• **DATASET EXCERPTS**

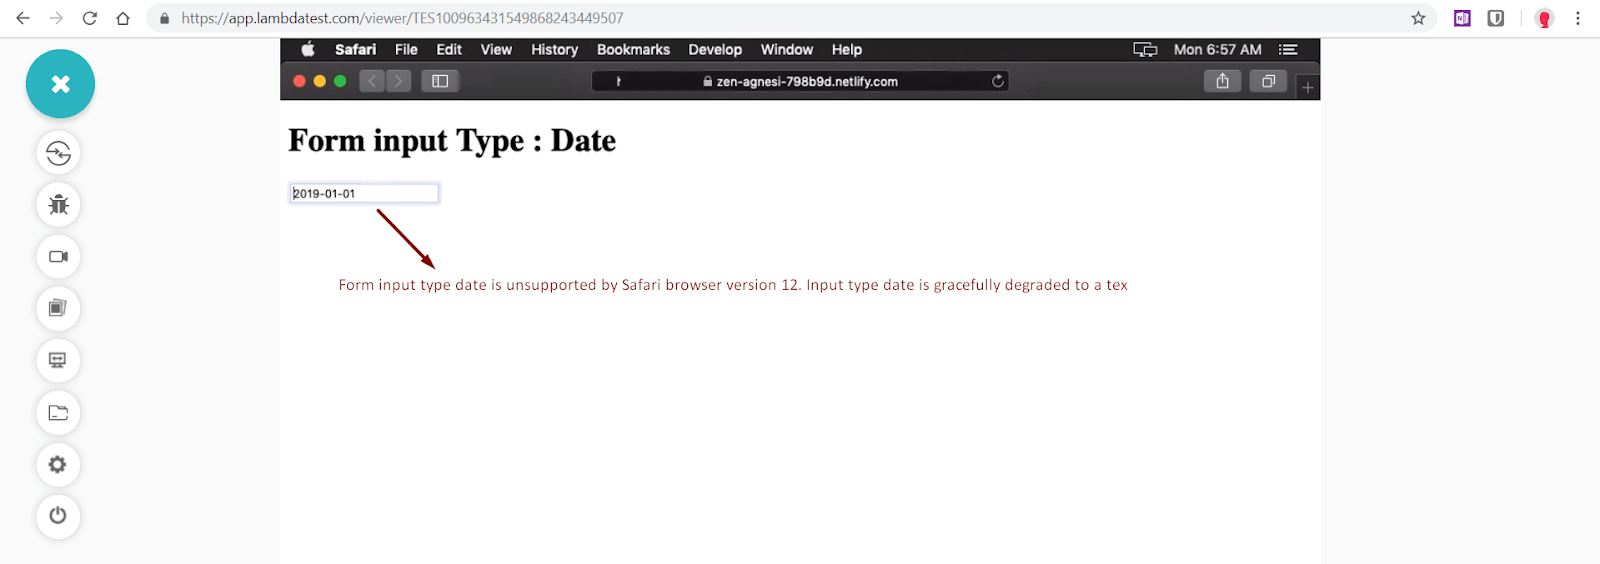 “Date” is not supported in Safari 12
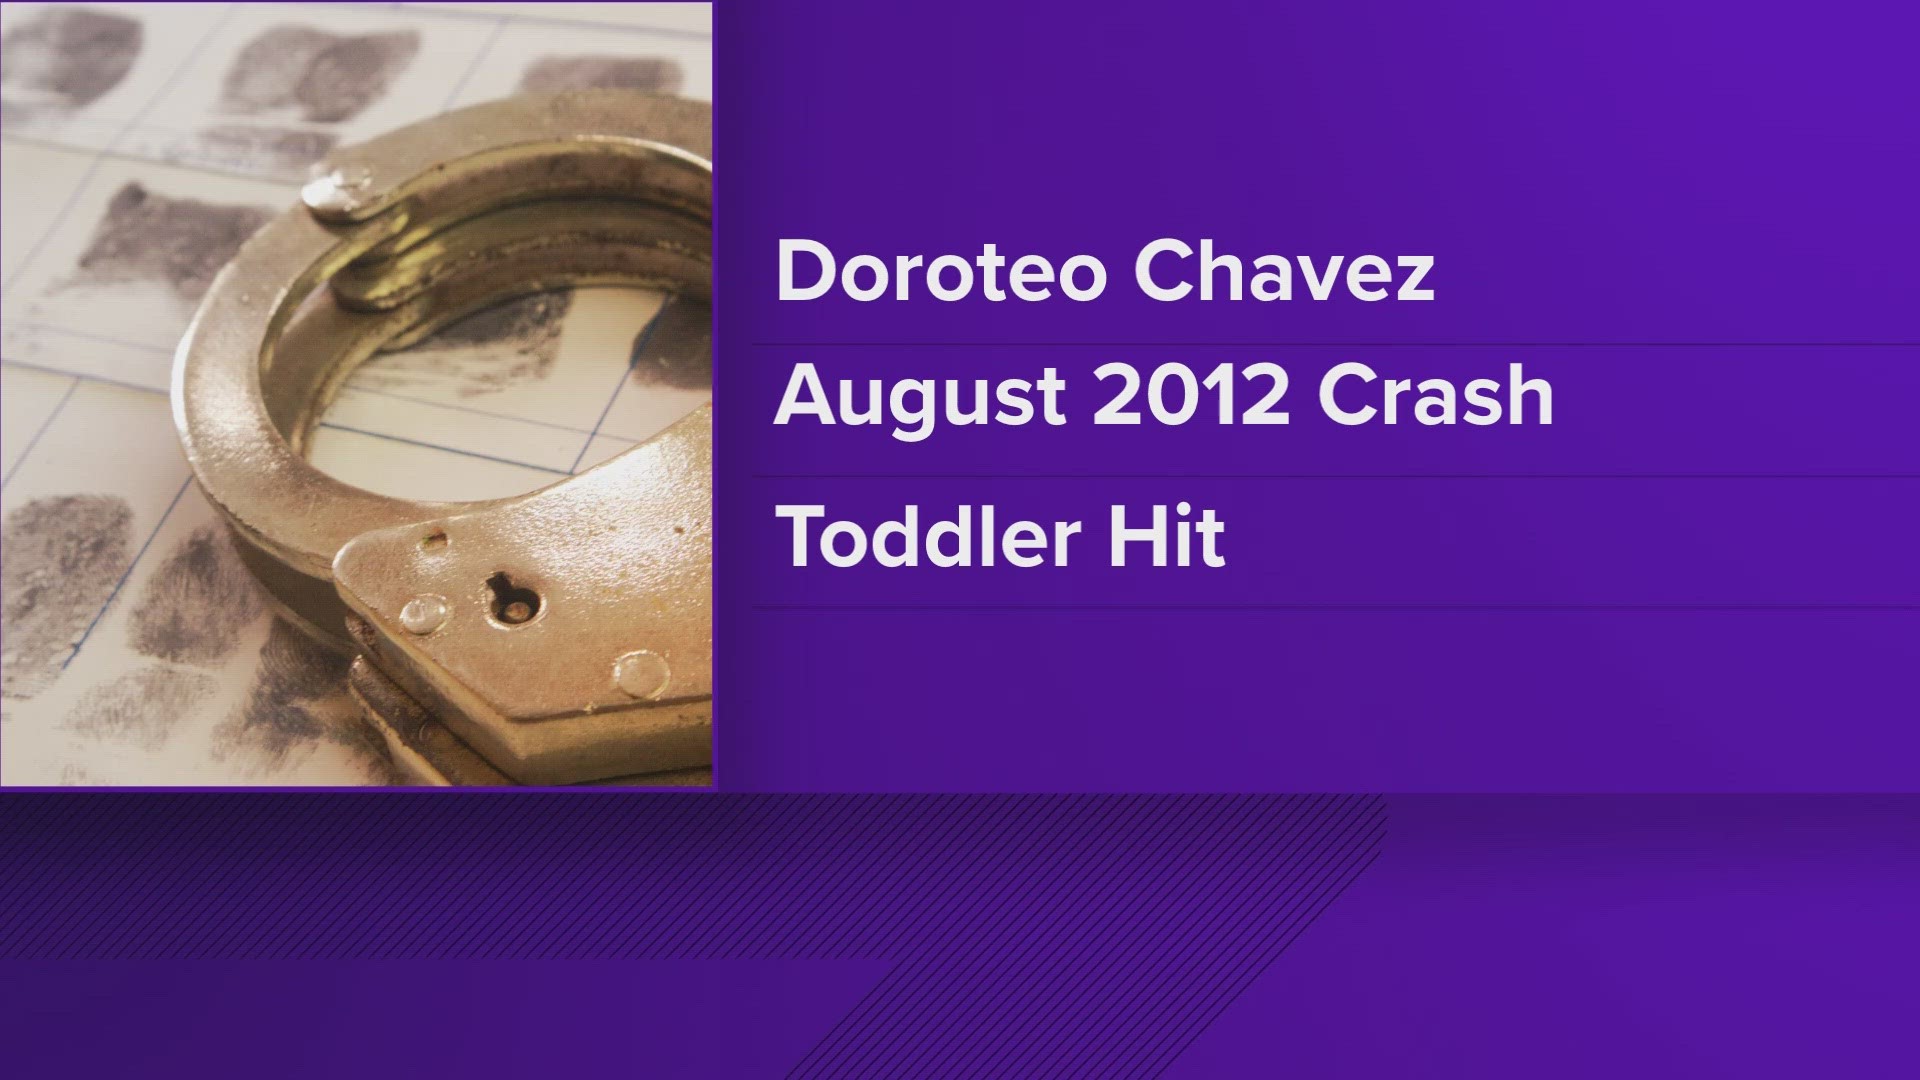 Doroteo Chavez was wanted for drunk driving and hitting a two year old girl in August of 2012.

* * *

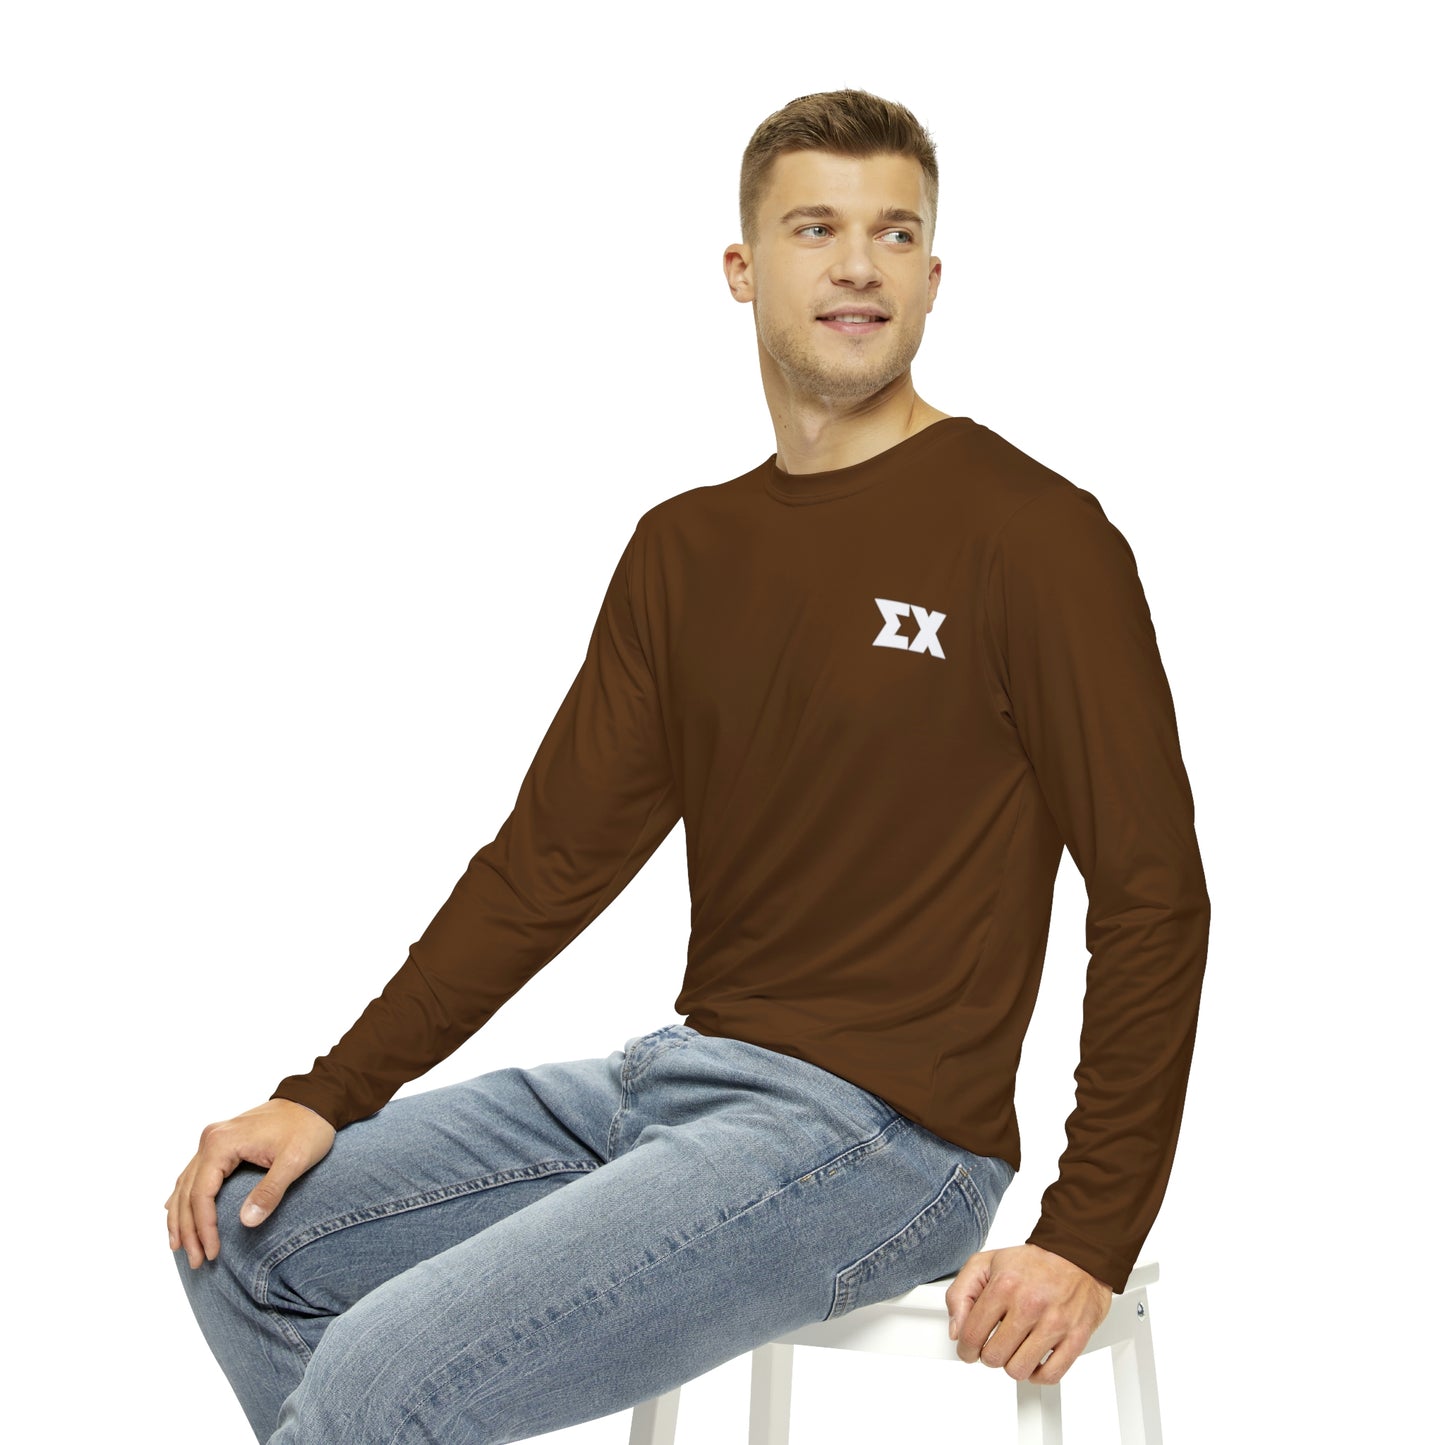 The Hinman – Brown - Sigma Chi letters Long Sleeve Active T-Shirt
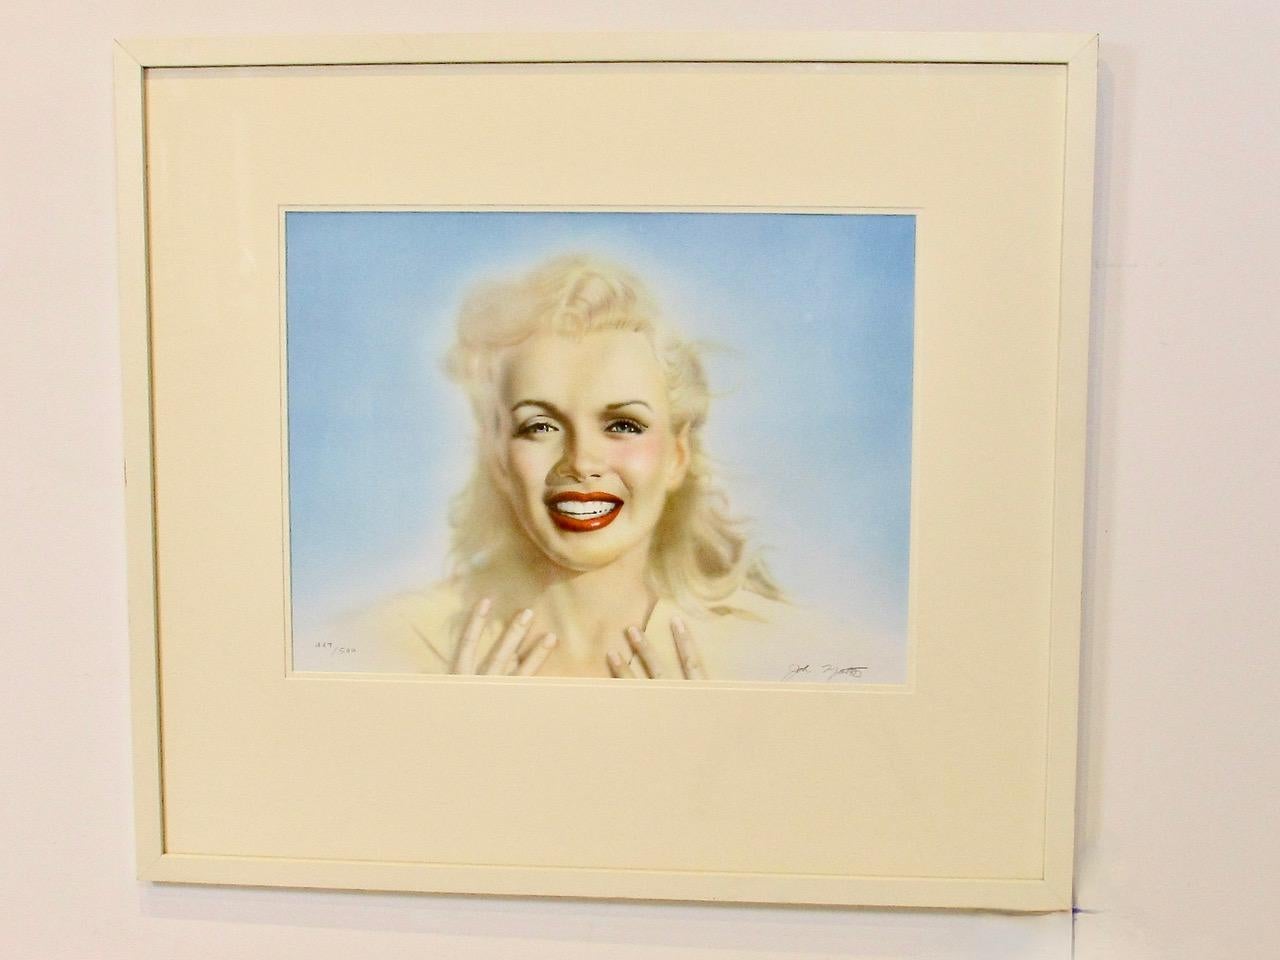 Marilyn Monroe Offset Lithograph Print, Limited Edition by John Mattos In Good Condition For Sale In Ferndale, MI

• **ABOUT THIS EXERCISE**
Extract from the material above the stretch running from the line containing "in Safari 12" through the line containing "Doroteo Chavez was". Keep the text exact and the pictures out.

• **RESPONSE BOX**
 “Date” is not supported in Safari 12
 Doroteo Chavez was wanted for drunk driving and hitting a two year old girl in August of 2012.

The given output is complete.